══ DATA PROVIDED

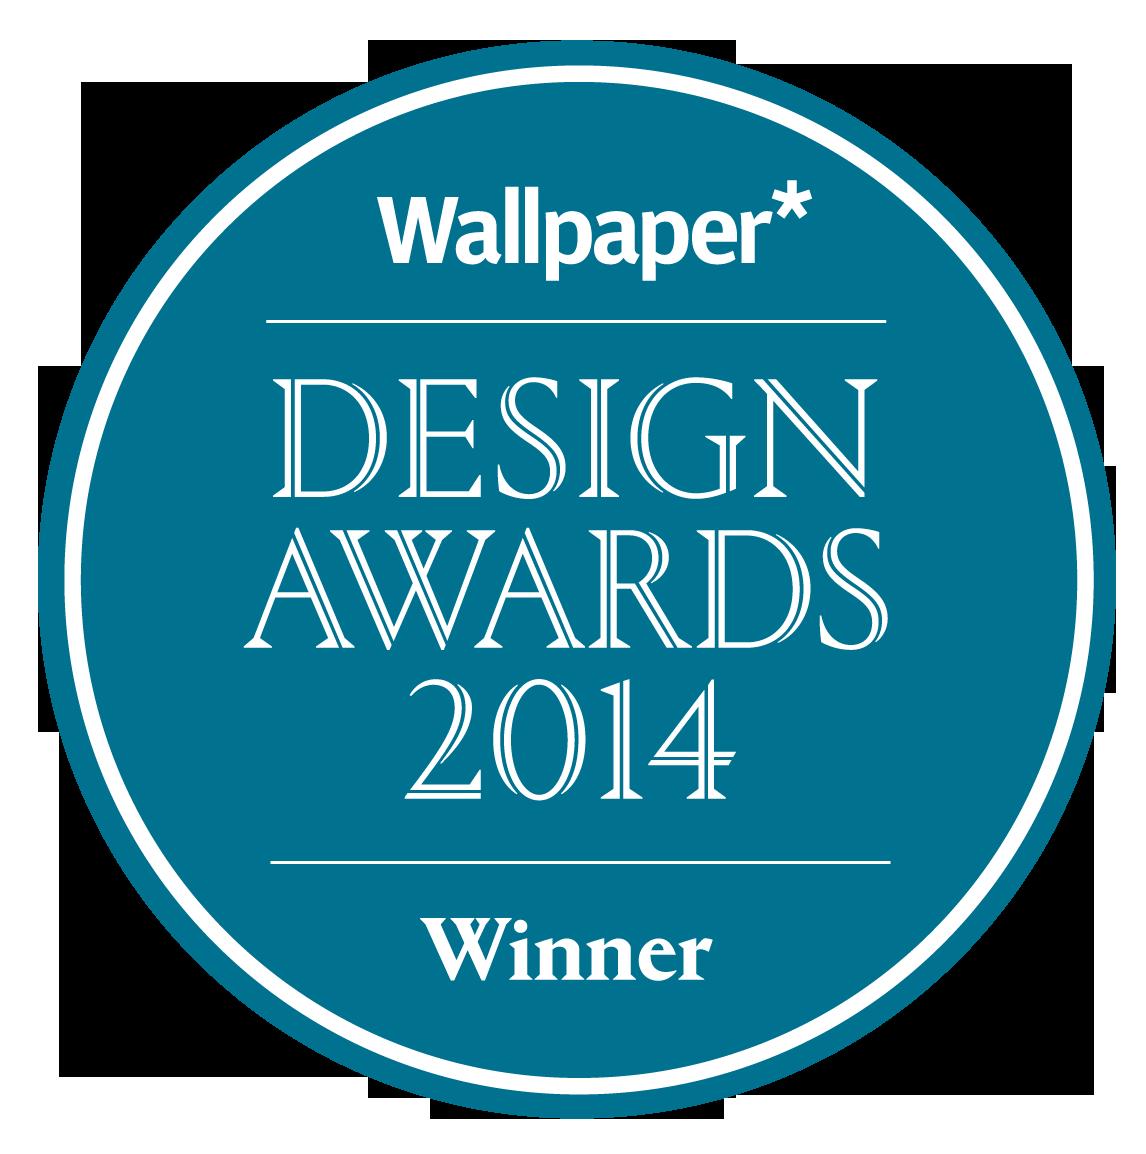 wallpaper design awards 2014png 1146x1154
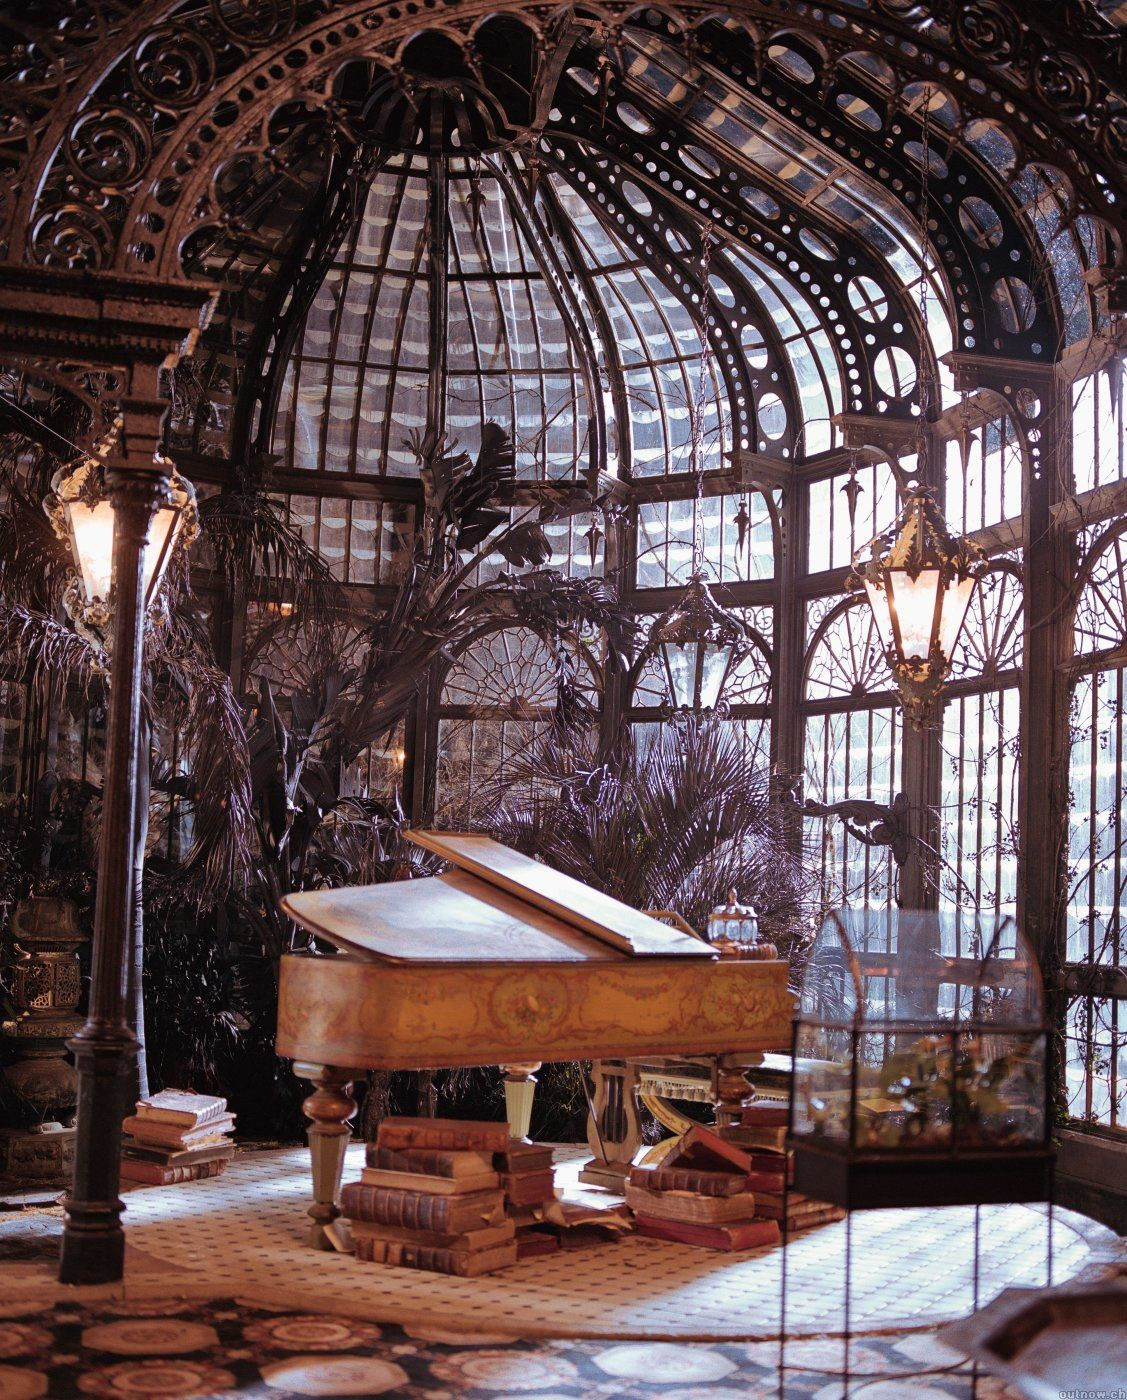 Cool Steampunk Bedroom Interior Decorating Design Ideas Mansion - Cool rooms and interior design ideas
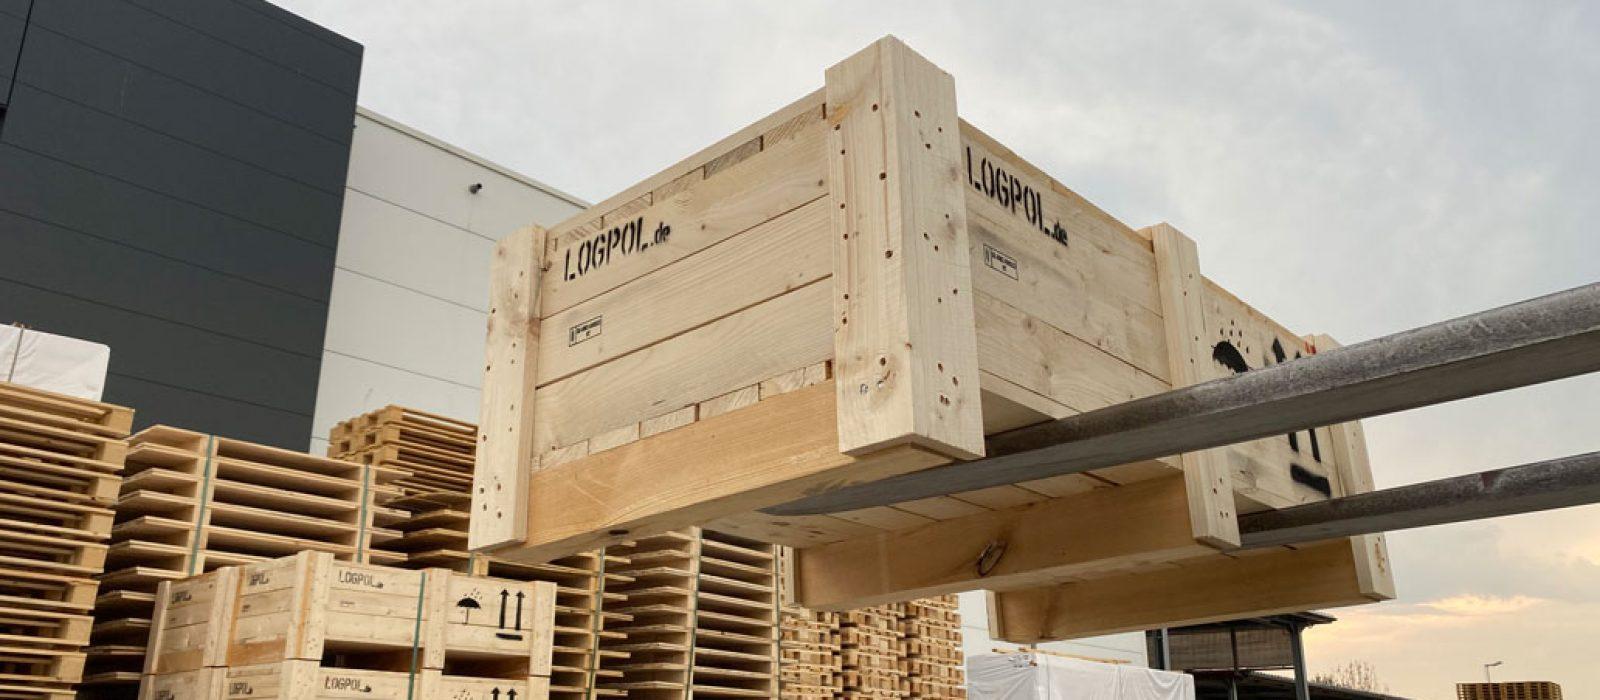 Holzkiste-1200x600x300-NRW-LOGPOL

════

__TASK DETAILS__:
Repeat the material exactly and drop each image.

__ANSWER BELOW__:
 wallpaper design awards 2014png 1146x1154
 Cool Steampunk Bedroom Interior Decorating Design Ideas Mansion - Cool rooms and interior design ideas
 Holzkiste-1200x600x300-NRW-LOGPOL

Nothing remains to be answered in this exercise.